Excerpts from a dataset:
--------------------
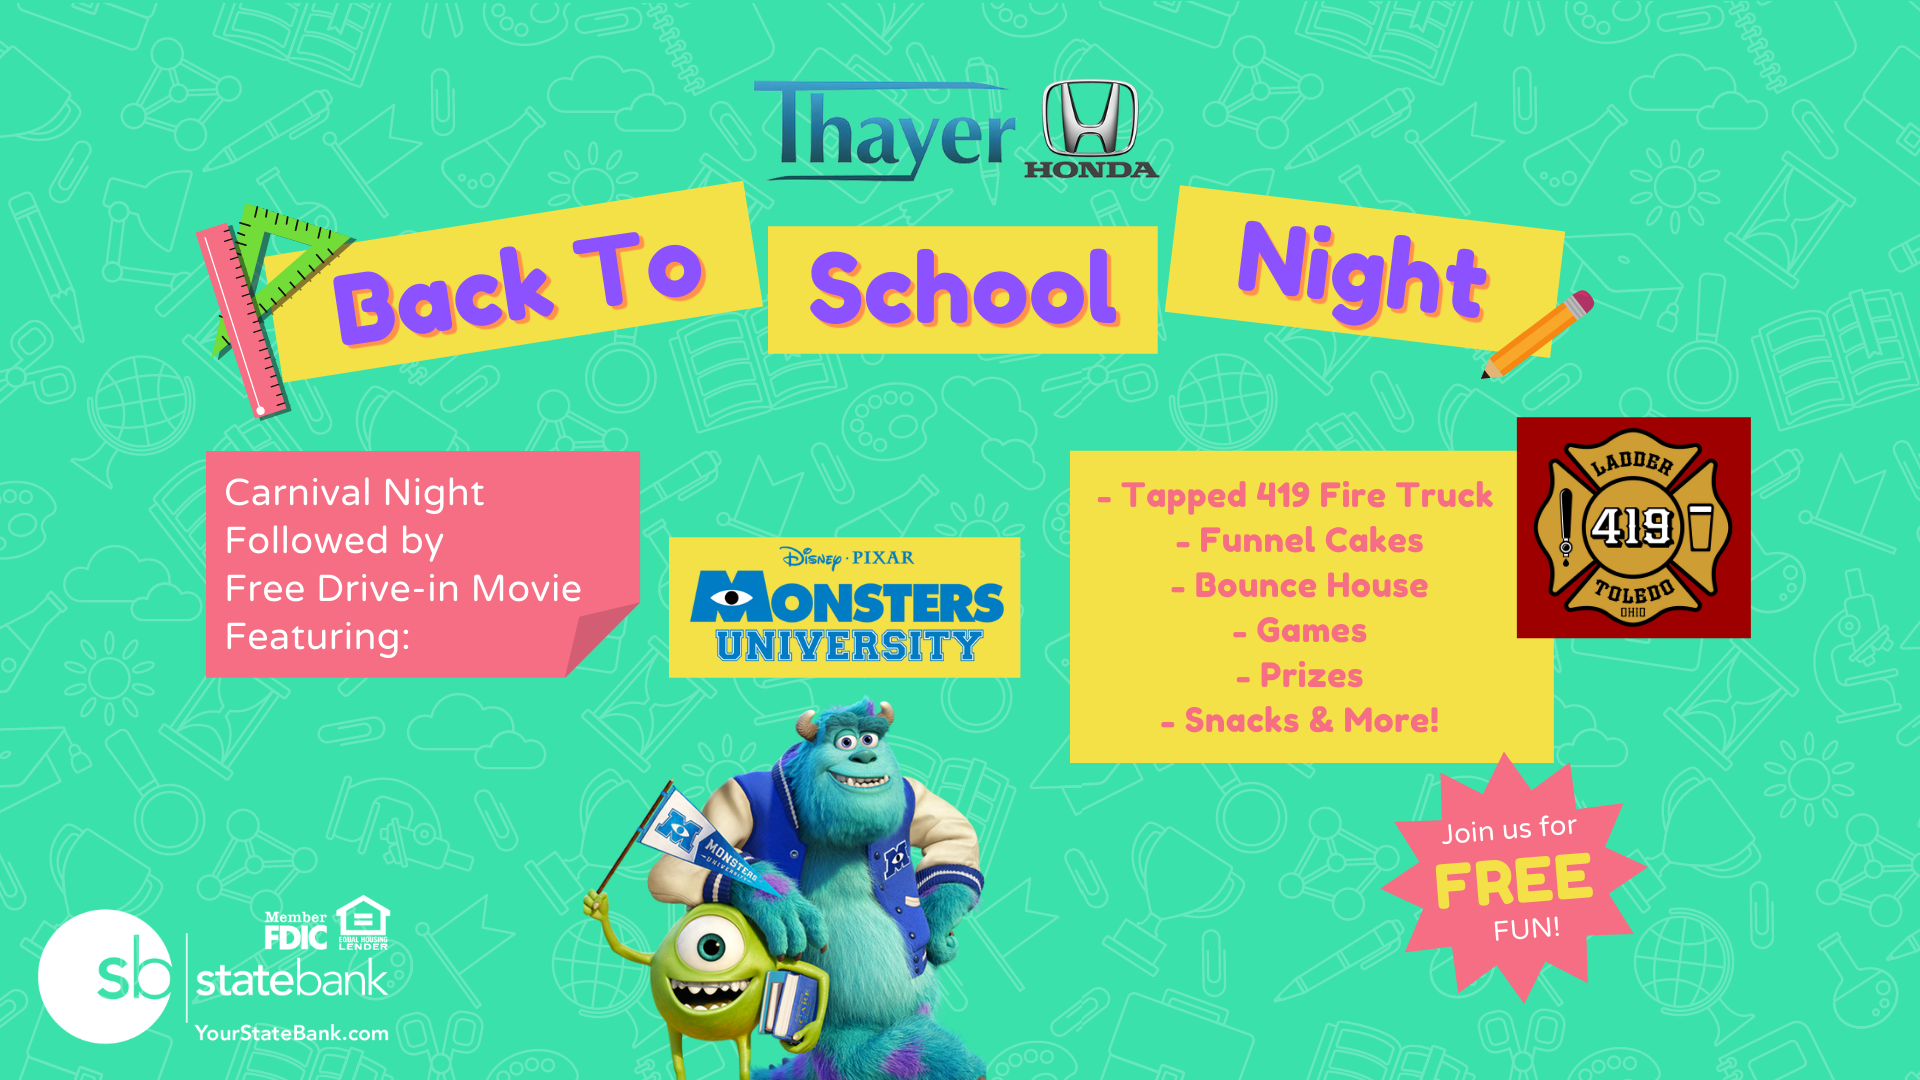 Thayer Honda: Back to School Night
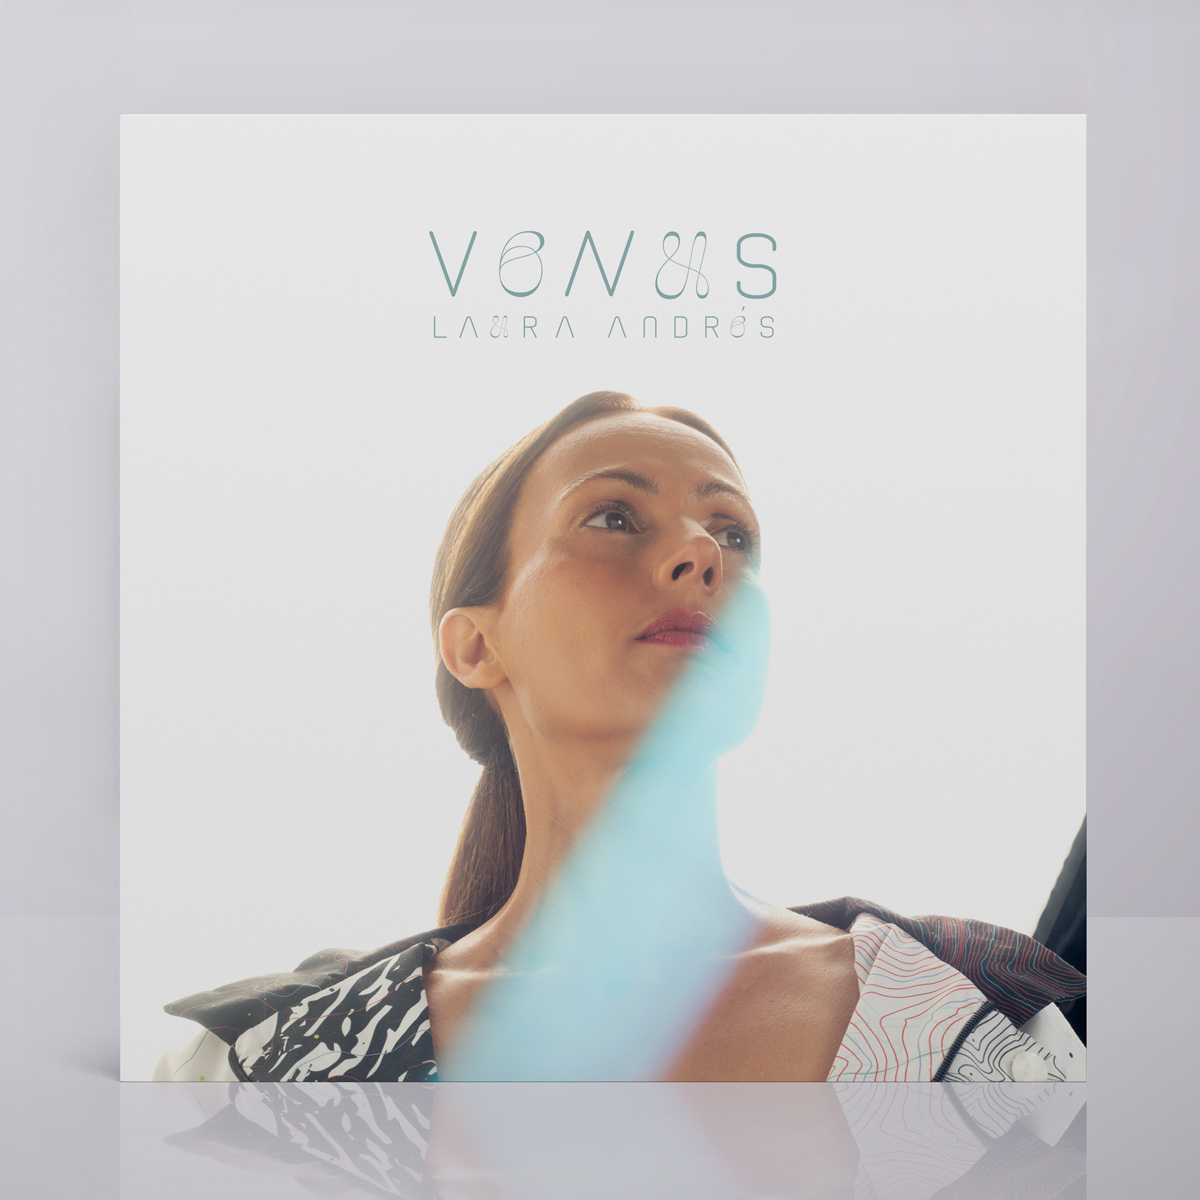 VENUS - CD digital - Laura Andrés
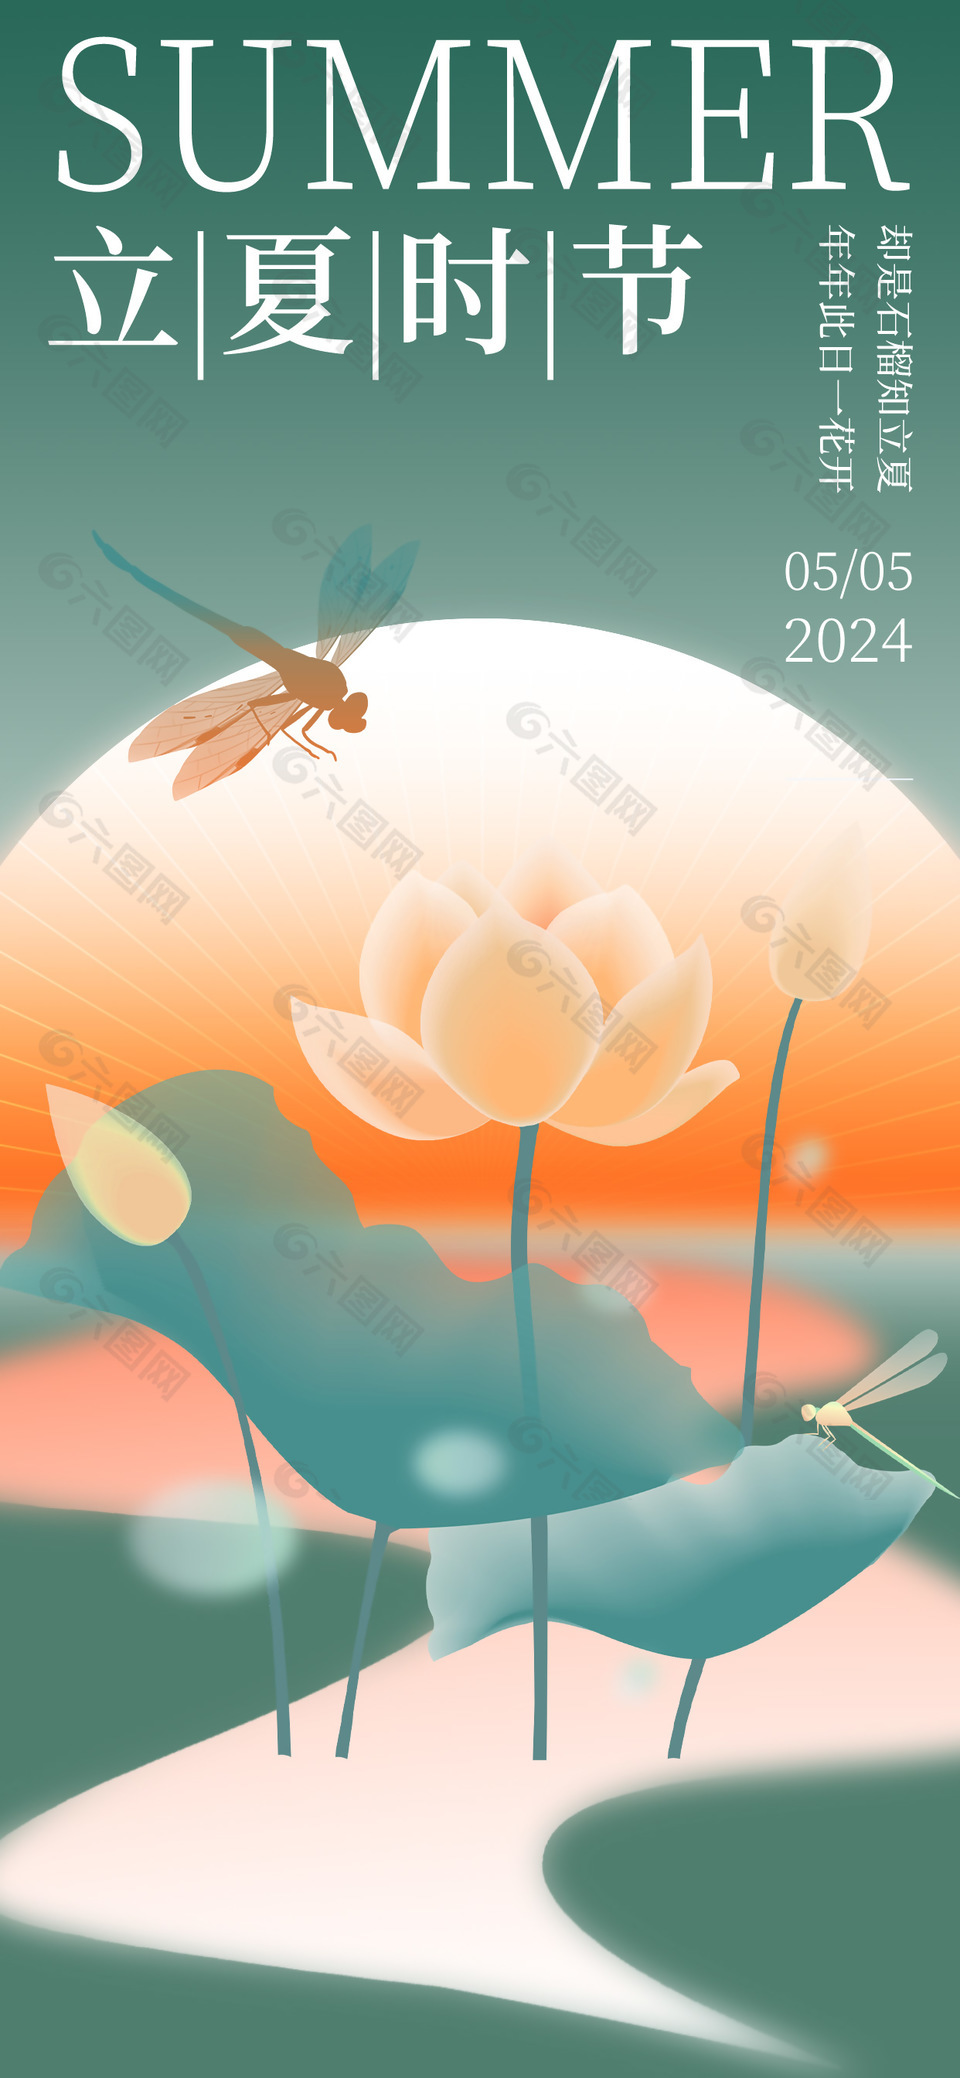 立夏时节创意蜻蜓荷花元素手绘海报
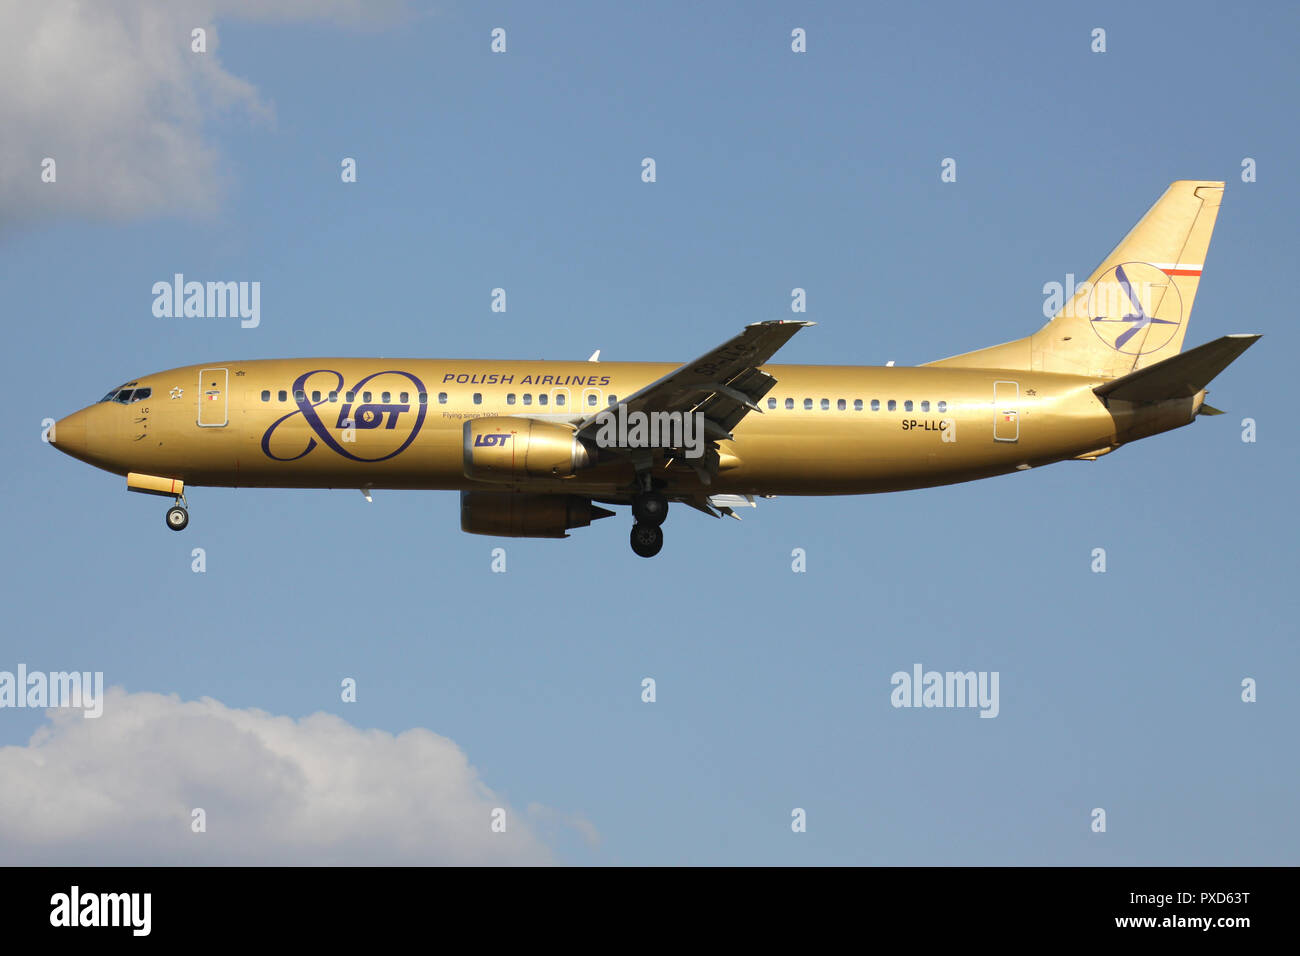 Boeing 737-400 LOT polonaise dans golden 80 ans avec couleurs d'enregistrement SP-LLC en courte finale pour la piste 01 de l'aéroport de Bruxelles. Banque D'Images
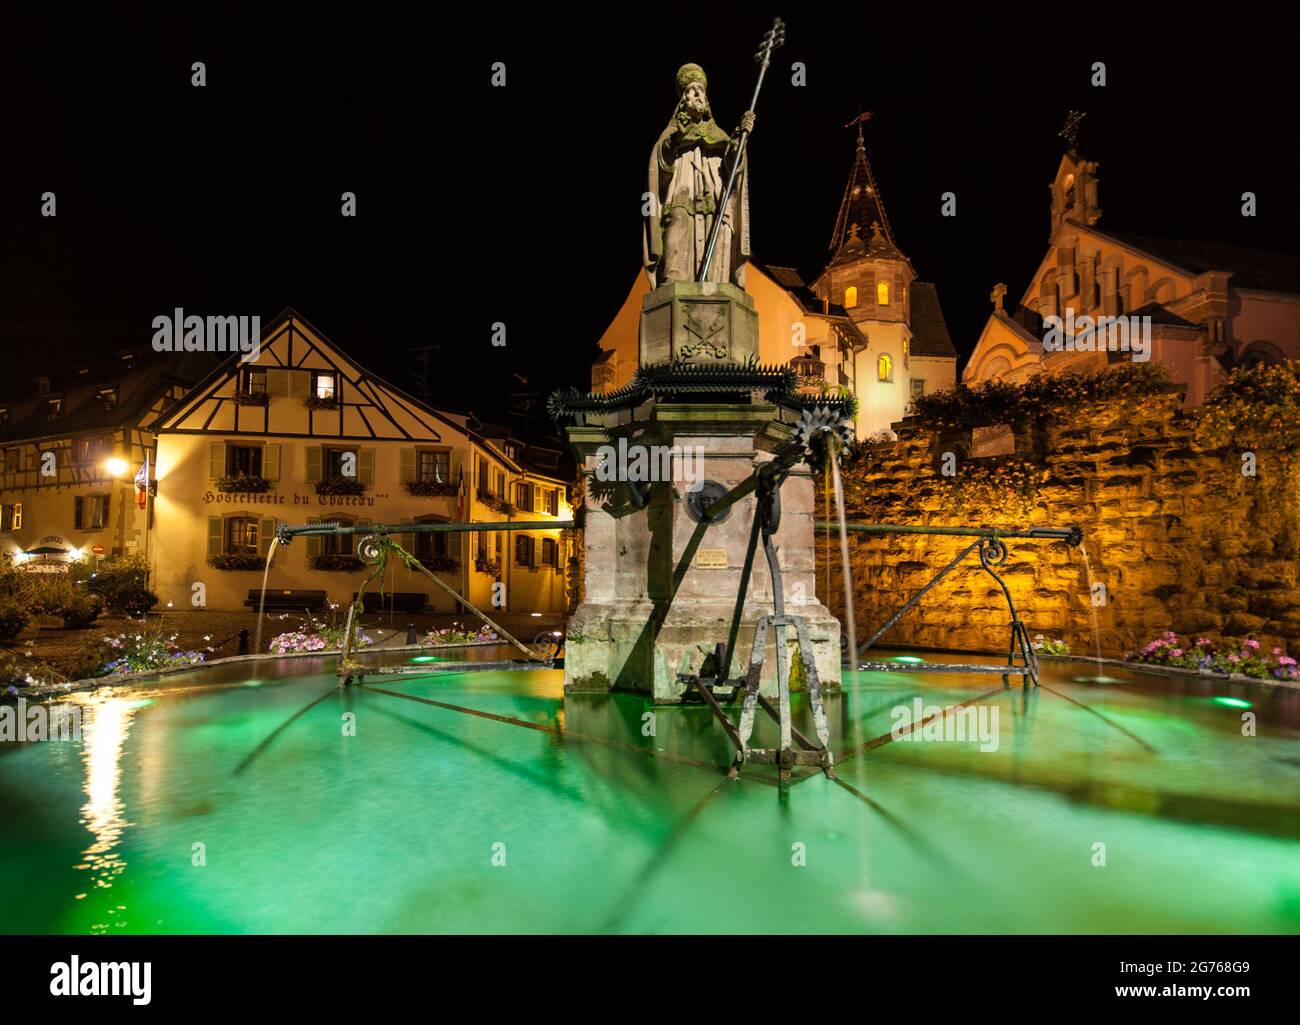 Eguisheim di notte: Statua di Papa Leone IX. (1002-1054) nella piazza del castello nella sua città natale, il villaggio dei viticoltori di Eguisheim nella regione Alsazia. Foto Stock
--------------------
Exercise aim: Write out exactly and only the lines that run from the start of the data above through the line containing "Boeing 737-400 LOT", leaving the pictures out.

Written reply:
 Thayer Honda: Back to School Night
 VENUS - CD digital - Laura Andrés
 立夏时节创意蜻蜓荷花元素手绘海报
 Boeing 737-400 LOT polonaise dans golden 80 ans avec couleurs d'enregistrement SP-LLC en courte finale pour la piste 01 de l'aéroport de Bruxelles. Banque D'Images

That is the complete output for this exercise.